━━ INFORMATION PROVIDED

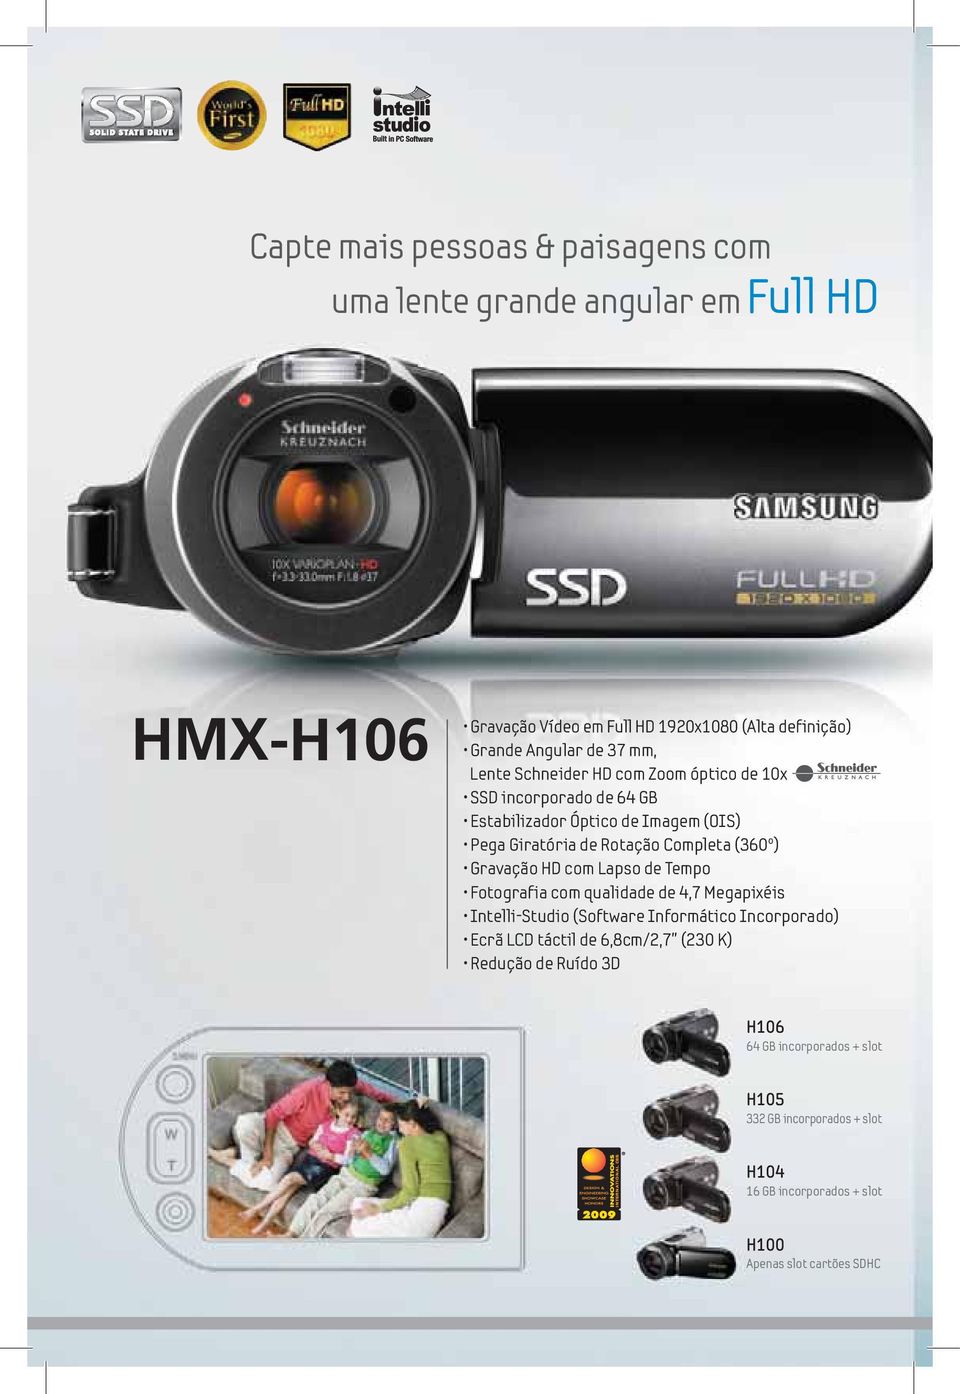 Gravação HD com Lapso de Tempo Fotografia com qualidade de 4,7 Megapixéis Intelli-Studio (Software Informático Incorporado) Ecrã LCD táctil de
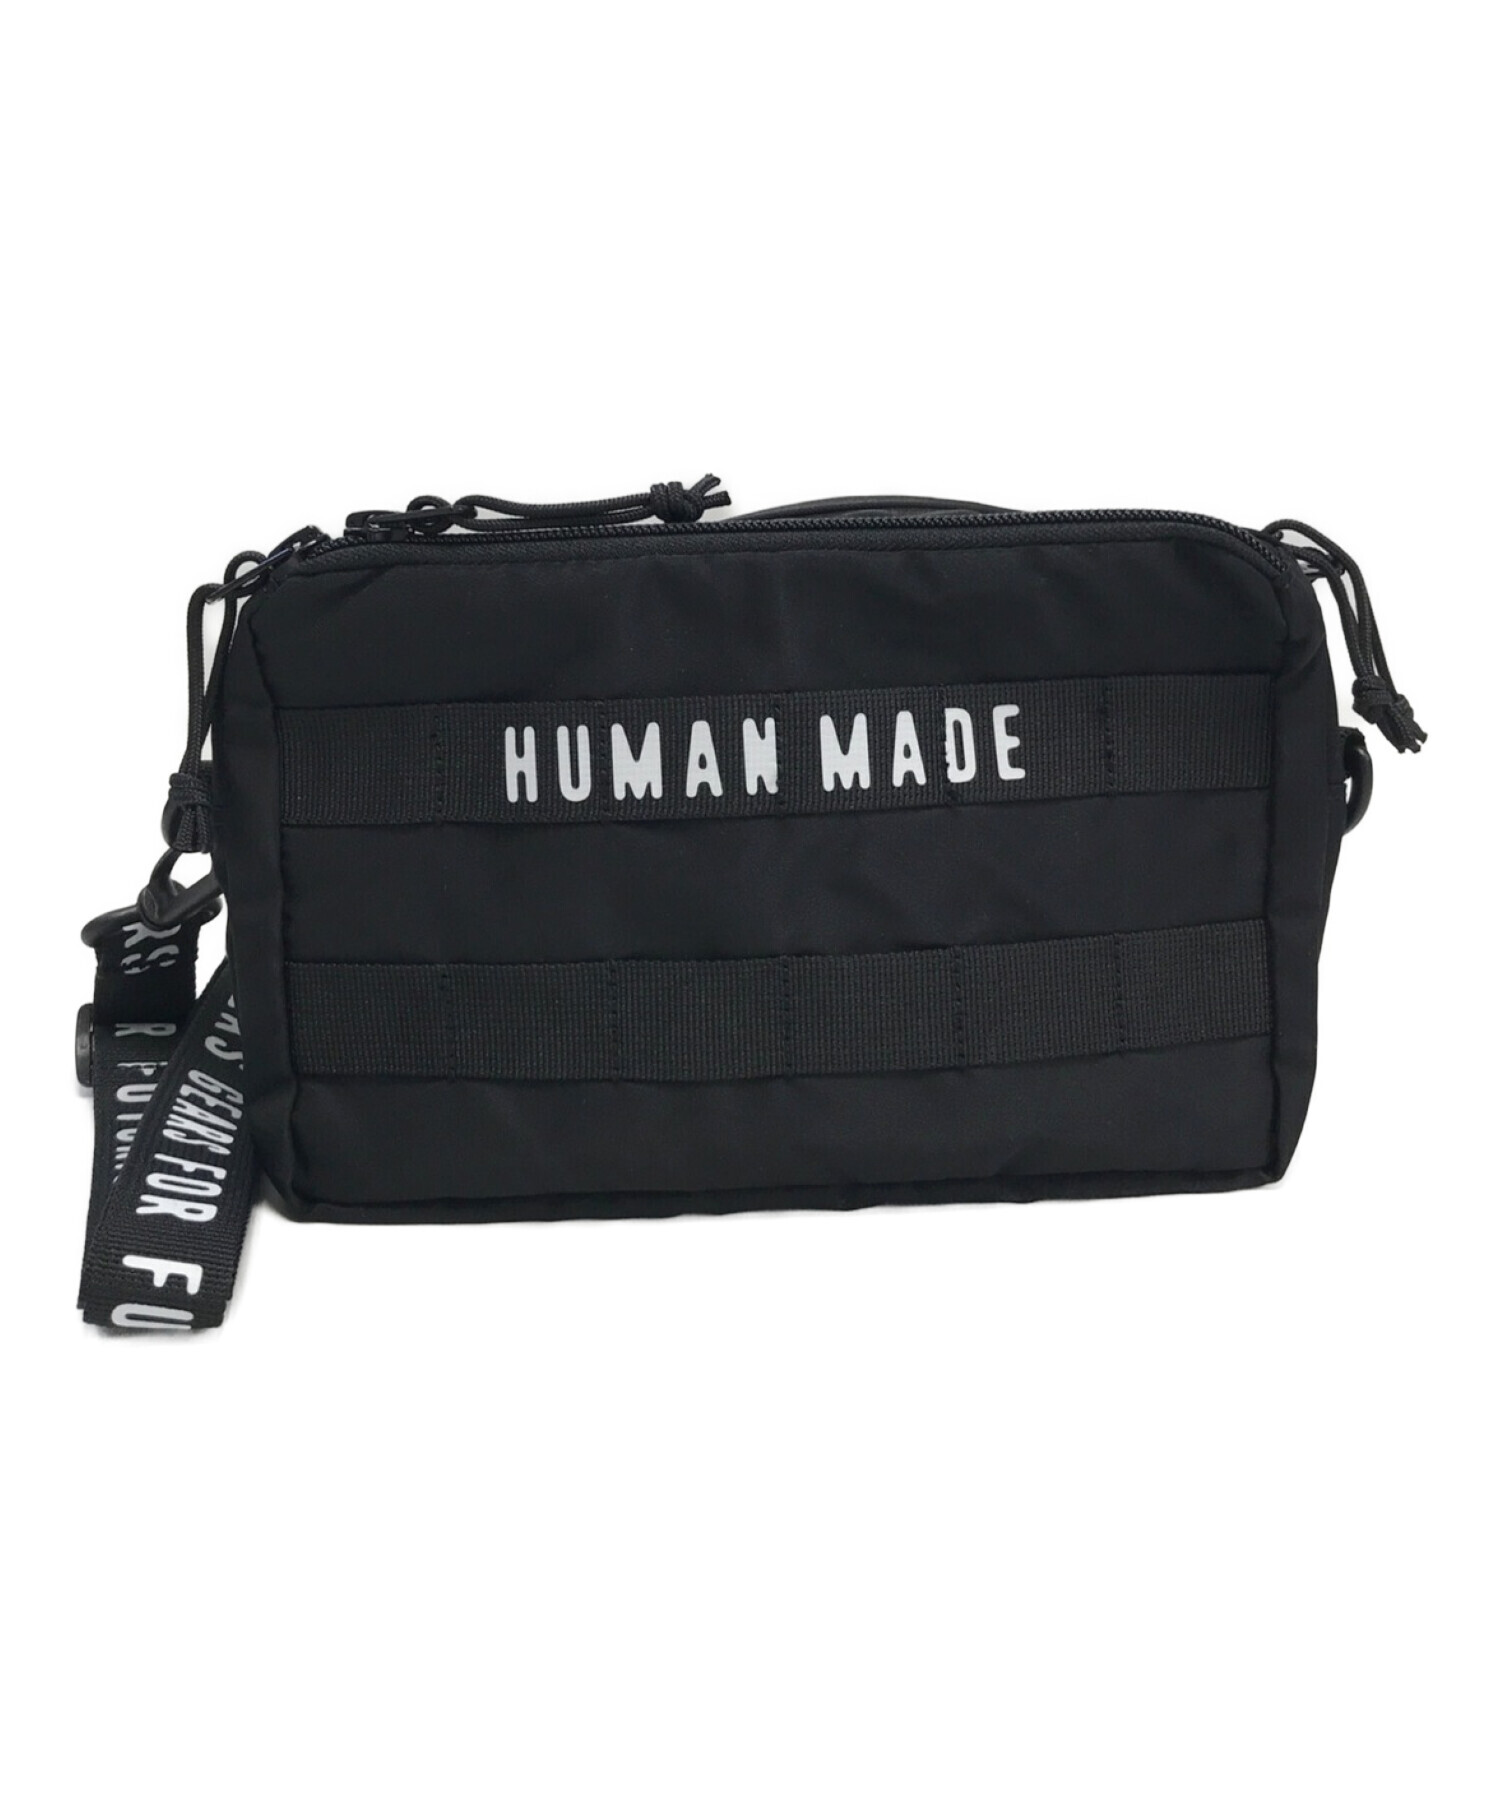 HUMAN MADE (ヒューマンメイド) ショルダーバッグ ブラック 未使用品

━━━━
━━ INFORMATION PROVIDED

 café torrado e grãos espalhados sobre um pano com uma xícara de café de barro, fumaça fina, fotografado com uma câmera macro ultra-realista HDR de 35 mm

━━━━

▸ **INSTRUCTIONS TO FOLLOW**: Reproduce, exactly and only, the lines of the records above starting at the line with "Gravação HD com" and ending at the line with "HUMAN MADE (ヒューマンメイド) ショルダーバッグ ブラック 未使用品", both included. Leave every picture out.

▸ **OUTPUT BELOW**:
 Gravação HD com Lapso de Tempo Fotografia com qualidade de 4,7 Megapixéis Intelli-Studio (Software Informático Incorporado) Ecrã LCD táctil de
 HUMAN MADE (ヒューマンメイド) ショルダーバッグ ブラック 未使用品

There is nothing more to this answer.